This is a large part of why I want the "phase 2" to take place: fixing
the internal TLS implementation not to have so much ridiculous runtime
overhead. Using static const tables mapped from the executable file on
disk rather than dynamically initializing tables used for crypto can
theoretically get the size of the process down to a few pages. The
base time for posix_spawn is roughly 250-500 us even on slower
systems, which is negligible in comparison to TLS connection setup if
I'm not mistaken. So while I think there's possibly some value to
using a shared process, I question whether it's worth the complexity;
efforts might be better spent just making the process-per-connection
more efficient, at least early on.

> If we were able to do this, we'd need to be able to map the
> initialization/configuration options to something that could be sent
> over the control channel as well, right?

Yes, that would be needed.

> having this multiplexed arrangment also makes it possible for the tlsify
> child to have a session-resumption database that stays in RAM (though it
> would go away when the tlsify process terminates).  it does raise a
> question of when the tlsify process should shut itself down, though,
> since it is no longer responsible for only a single connection.  Maybe
> it could shut itself down when the control channel is closed?

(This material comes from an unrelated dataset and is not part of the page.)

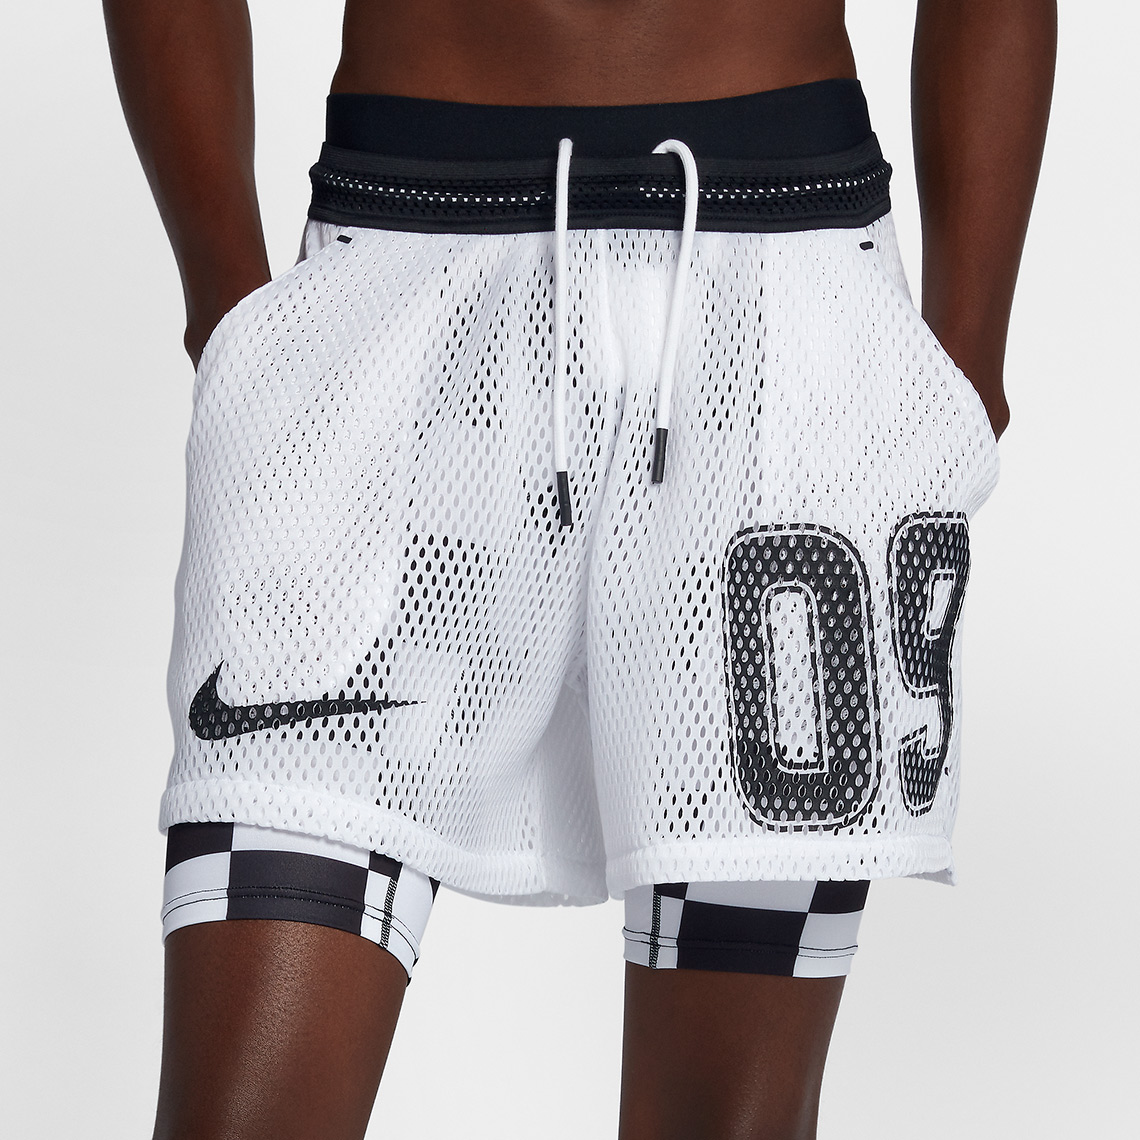 OFF WHITE Nike Football Apparel Release Info | SneakerNews.com
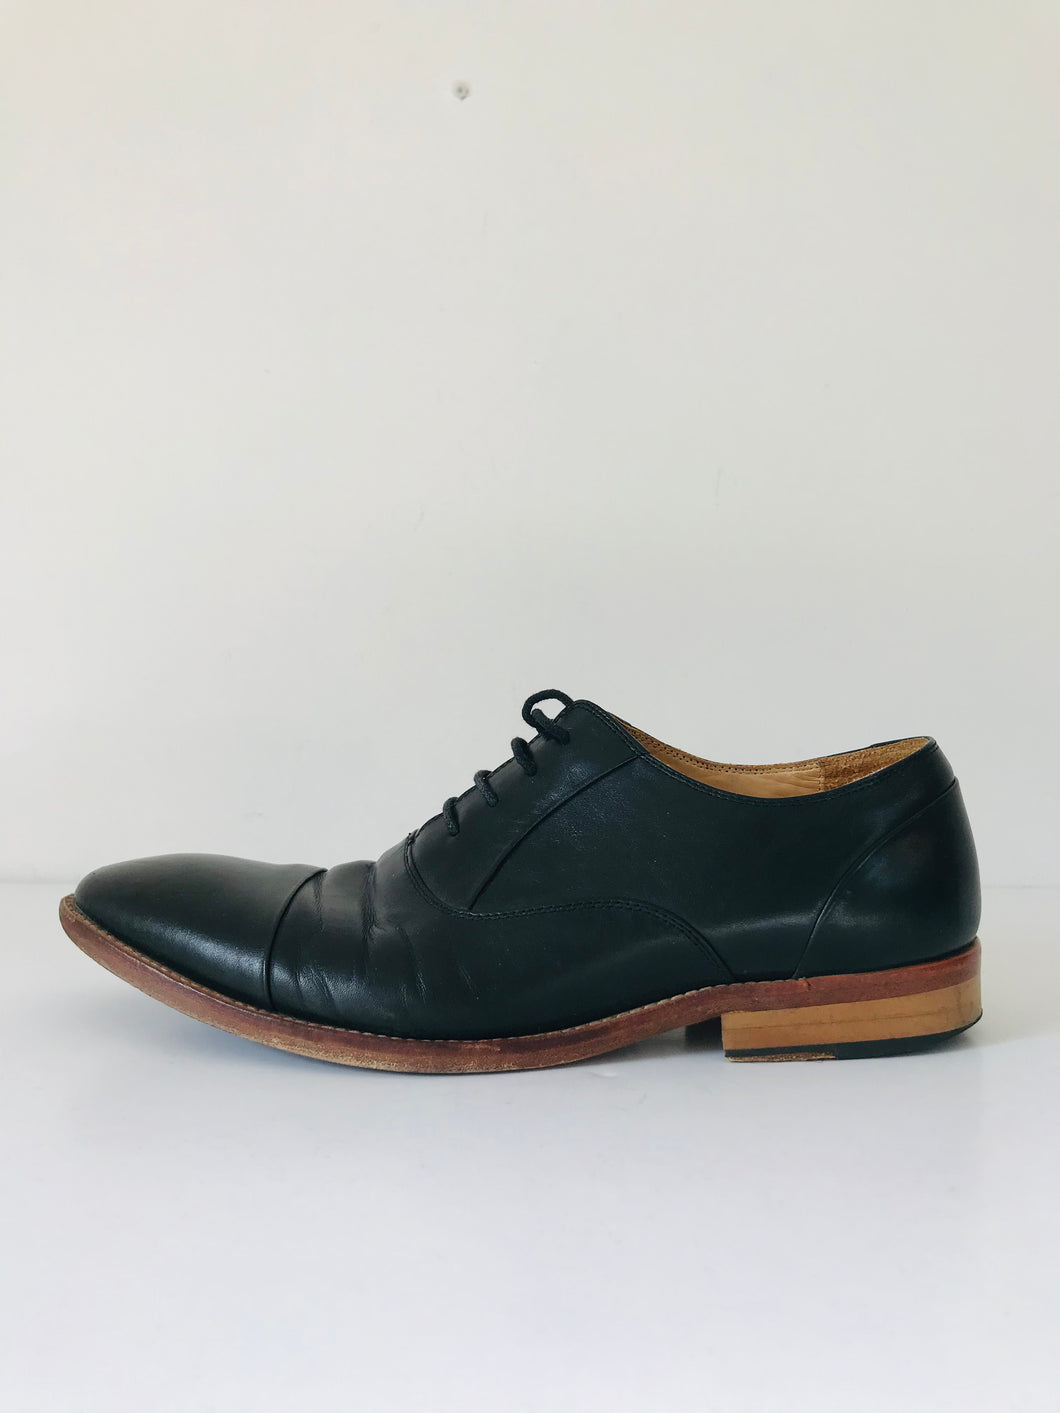 Jones Bootmaker Men’s Leather Oxford Shoes | UK7 41 | Black

Yes, that would be reasonable behavior I think.

> More radically, with this arrangement it's conceivable that you could
> have a single tlsify process that runs in the background and performs
> this work for a number of clients.  this offers a nice, easy way to do
> privsep (no process needs to drop privileges, they just need to be able
> to talk to the tlsify peer process's control socket).  Maybe that's too
> fancy?

This has been considered before, with no definitive conclusion
reached.

> control channel formats
> -----------------------
> 
> this seems like the big question: how can we structure this in a
> friendly/simple way without needing to pull in json libraries or
> other scary/dangerous/complex parsers.  My big fear is that there will
> be control channel data that is large and possibly complex.
> 
> examples of large data: full certificate chains -- these can be quite
> long.  i don't think there is a functional limit on their length,
> actually, and the size of any one certificate can be huge.  Similarly
> large are the hints provided by servers during CertificateRequest
> messages.
> 
> examples of complex data: session initialization/configuration is
> starting to sound possibly complex, though if it's just command-line
> arguments, we should be able to get away with line-at-a-time reads
> (maybe with embedded NULs between args so that the same command-line
> parser can be used?).  what do you think is the most complex part you've
> seen?

Embedded NULs aren't possible; arguments to exec are C strings. Of
course it's possible to have multiple arguments. But since the command
line is usually public (via ps, etc.) any potentially-private input
needs to be via the environment or an active control-channel.

I'm really not sure what the most complex part is. I think we need to
get some examples going with a complete inventory of inputs that would
need to be passed.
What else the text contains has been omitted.